Data from X years ago.
Data from 2*X years ago.
Ideally, data from 3*X and 4*X years ago.

A model which avoids systematic biases towards extreme predictions when predicting in today’s context.

Error Modelling

Model accuracy can be represented numerically. Things which can be represented numerically can be modelled. Therefore, it’s possible to model how accurate your model will be, predict which predictions are most credible, and provide that information alongside the predictions themselves.

A dataset where the response variable is predictable enough from the explanatory variables that error modelling is feasible.

An error-predicting model which predicts how accurate the main model will be for each row.

Tobit Modelling for Censored Data

Sometimes**, part or all of your response column will not be of the form “[thing you want to predict]=x”, and will instead be of the form “[thing you want to predict] is greater/less than x”. I’ve spent quite some time figuring out exactly how to best work around this kind of distortion, and I’d be very interested in sharing my expertise.

A dataset with censored response variables.
An indication of which records are censored and how.

A model which makes accurate and unbiased predictions despite that censorship.

Flexible Deployment

Durkon models are simple and intuitive enough that they can easily be converted into Emblem and other formats by hand, and low-dependency enough that they can be deployed in any backend with Python, NumPy and Pandas. However, if you want model output to automatically take a particular shape, I’m happy to oblige.

An example of the target model format.

A Durkon model expressed in that model format.
A tool for converting Durkon models to that model format.

Custom Options

Want something that’s not in this list? Tell me, and I’ll look into it. And if it’s something that seems like it’d be a good addition to Durkon, I’ll build it for free and release it as open-source.

A new challenge.

Creativity, ingenuity, and dedication.

*To see why this is true, consider the pathological case where changes in context are so extreme that your model is uncorrelated with reality: if you guess people’s heights randomly, the people you expect to be tall will be on average shorter than you expect, and the people you expect to be short will be on average taller than you expect.

**For example, when modelling market trends in sealed-bid first-place auctions if you only have the winning bids and are already part of the market.

Other Work

Model Fisking

Somehow, not everyone who goes to the trouble of making an explicable model finds time to explicate it.
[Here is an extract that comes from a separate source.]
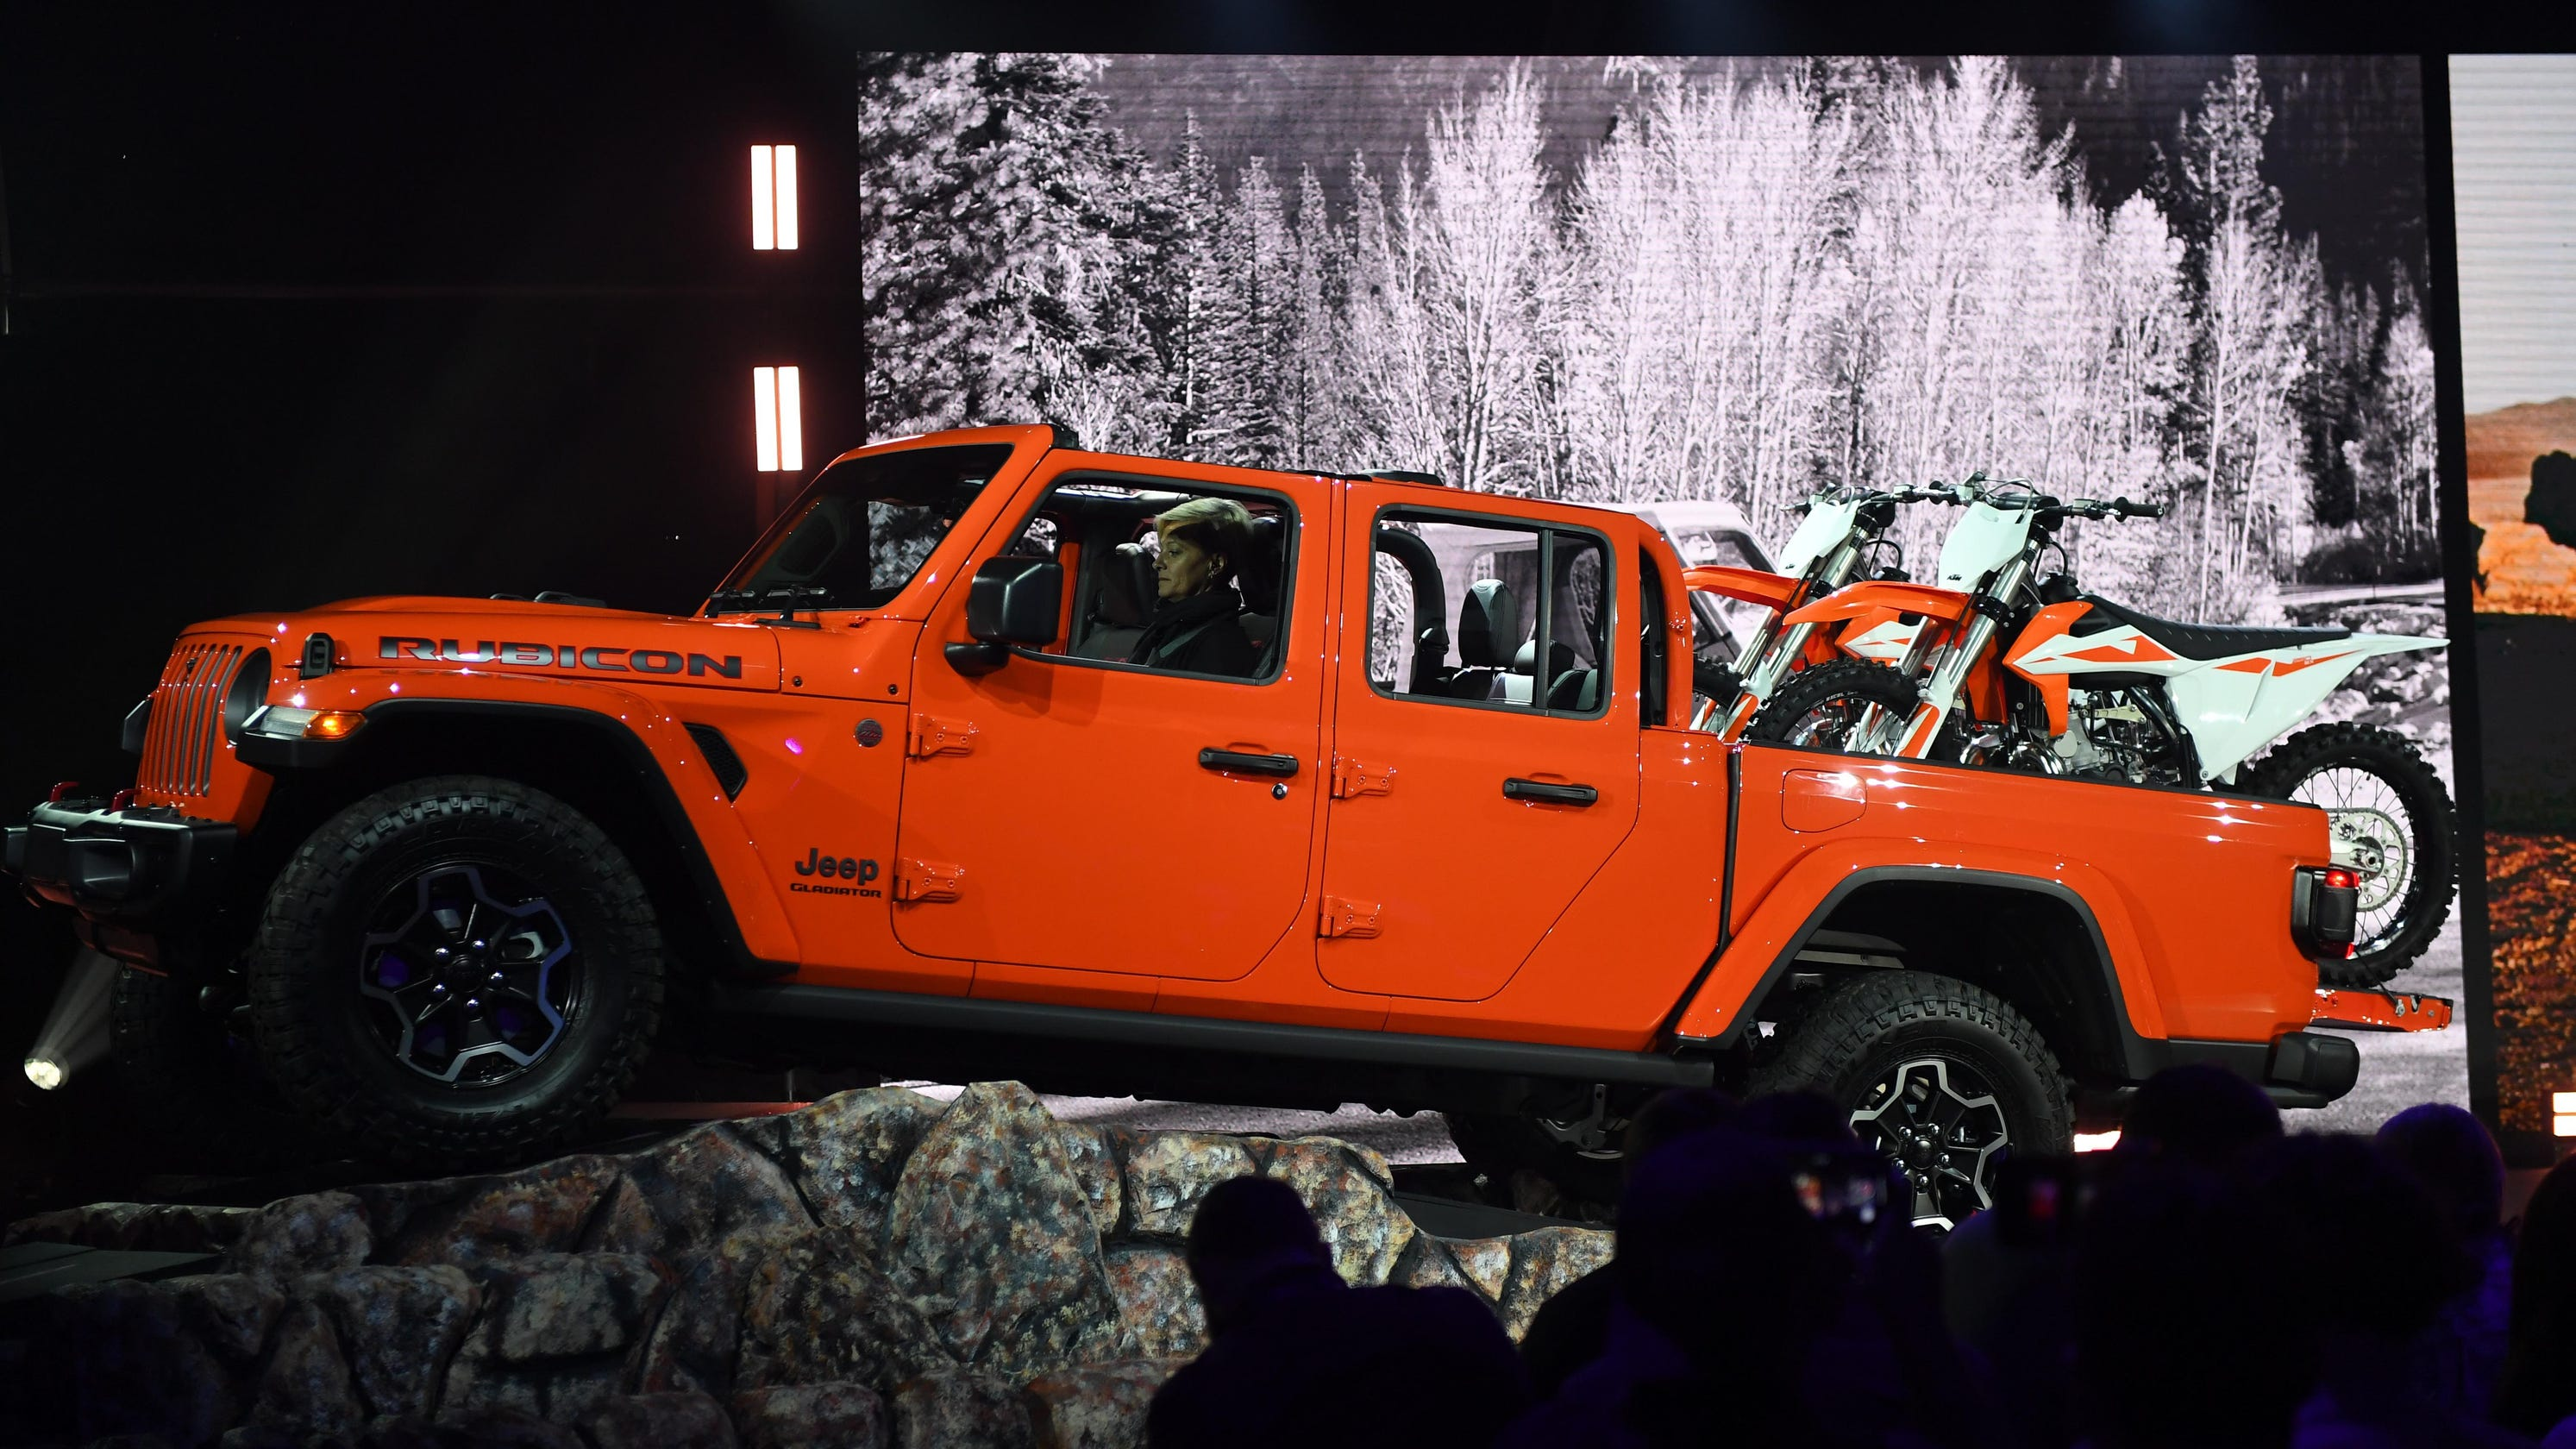 la auto show jeep gladiator kia soul porsche are top picks. Black Bedroom Furniture Sets. Home Design Ideas
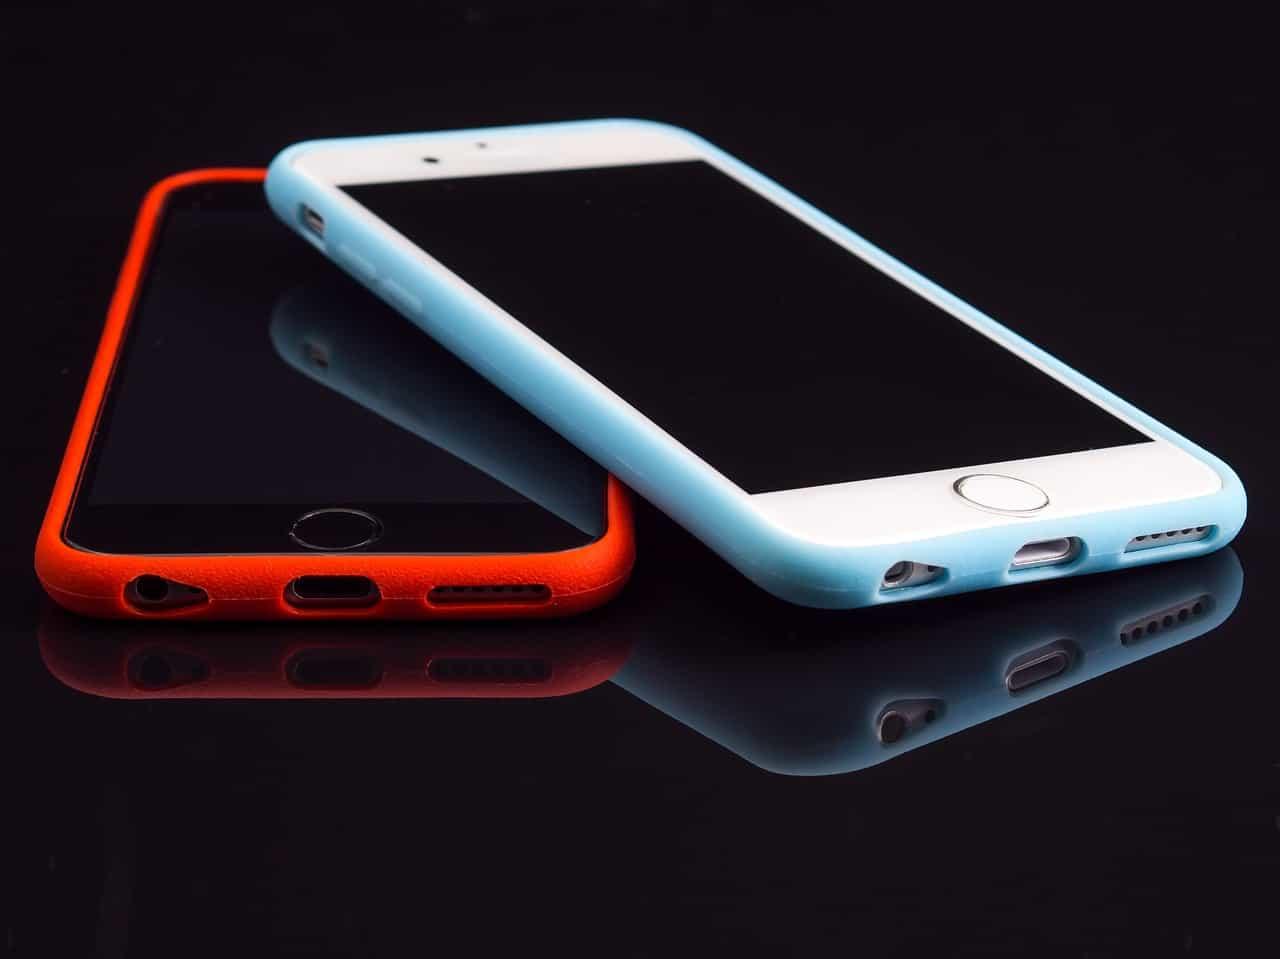 כיוסי לאייפון X מקורי

If you already have a transparent model – i.e., anything built using Excel or Emblem – I can look through it for you, and produce a list of suboptimalities / potential regulatory issues / just-plain-weirdness for you to address.

D&D.Sci

I make Data Science challenges and release them for free online. This is more of a hobby than a service, but if you offered me large amounts of money to write challenges tailored to your requirements I wouldn’t say no.

Conceptual Proofreading

I like editing things, and I’m pretty good at it. If you want me to look through a document for mistakes – grammatical, stylistic, factual, logical, strategic, or moral – I’d charge very reasonable rates. (. . . by Data Science standards, at least.)